Młoda adeptka szkoły czarowników – Kai – posiada dużą pewność siebie, ale nie koniecznie umiejętności. Jedyne, na czym jej zależy to popisać się przed innymi uczennicami. Kiedy więc pod pretekstem pozbycie się kłopotów, zostaje wysłana z misją, pełna pychy podejmuje się tego zadania. Nie wie jednak, że los ma wobec niej znacznie ciekawsze plany.
W czasie wyjazdu na misję Kai spotyka rekrutkę Shen, choć losy dziewczyn szybko się rozchodzą, autor otwiera nam nowy wątek. Tym razem o wiele brutalniejszy i bardziej przypominający klimatem pierwszy cykl Achai. W wojsku nie patyczkują się z kobitami, szybko zrównają Cię z ziemią, chyba że potrafisz pokazać, że stać cię na więcej.
Ostatni wątek całkowicie odbiega od klimatu, a jednocześnie czyni historię najciekawszą. Zapowiedź tych wydarzeń mieliśmy już w pierwszej serii. Do akcji wkraczają Polacy z nowoczesną bronią w olbrzymim okręcie podwodnym. Jak się okazuje, po drugiej stronie ogromnych gór istnieje świat podobny do naszego. Jak może kończyć się spotkanie dwóch tak różnych cywilizacji? Andrzej Ziemiański zrobił coś szalonego, ale muszę przyznać, świetnie mu to wyszło. Postacie Polaków idealnie nakreślone, dużo poczucia humoru, ale także coraz większe tajemnice.
Tom II
Nadal śledzimy losy bohaterów. Młoda czarownica dołącza do komandora Tomaszewskiego. Shen przeżywa okropieństwa w więzieniu.

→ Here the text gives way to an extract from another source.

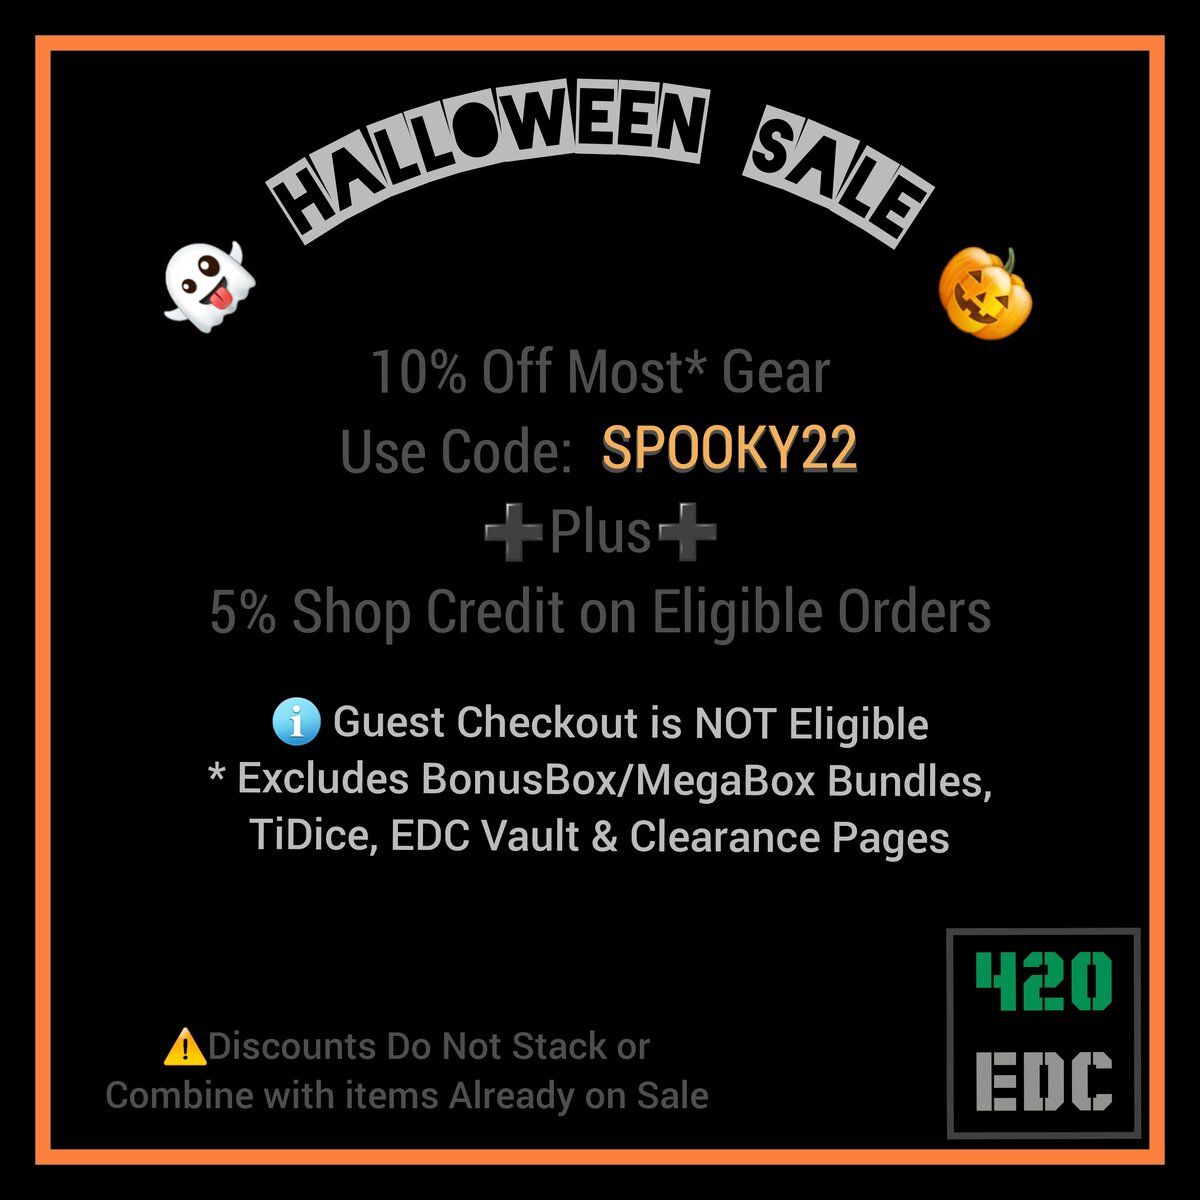 420EDC-Halloween-2022-Sale.jpg

Poznajemy nowe ciekawe i barwnie przedstawione postacie. Całe życie wychowany przez kobiety Rand ze swoją organizacją zajmującą się wyłapywaniem plotek potrafi nieźle namieszać w tej historii. Jego urocza towarzyszka jest niezawodna nie tylko w zdobywaniu informacji, ale potrafi zachować zimną krew w najgorszych warunkach. Dla niej fakt, że jest głuchoniema wydaje się być czasem tylko drobną niedogodnością. Do tego wszystkiego dochodzi jeszcze również uzdolniony fanatyk nowoczesnej polskiej bronni i otrzymujemy ekipę nie do zdarcia.
Tom III
Mimo wielu ciekawych i zabawnych scen dużo czasu zajęło mi czytanie tej części. Nie mogę powiedzieć, że jest gorsza od pozostałych. Może momentami wydawała mi się bardziej rozwleczona. Mniej fantastyki więcej operacji wojskowych i polityki. O ile pomysły i wiedza autora są tu godne podziwu, to mniej wpisują się w moje klimaty. Na dodatek było trochę za dużo poruszanych wątków i za częste przeskoki między bohaterami.
Tom IV
Świat stworzony przez Ziemiańskiego się rozrasta. W końcu po jednej stronie półkuli poza Polską są inne kraje, ale również poza Imperium na drugiej półkuli istnieją kontynenty, o których mniej rozwinięci ludzie po prostu nie wiedzą.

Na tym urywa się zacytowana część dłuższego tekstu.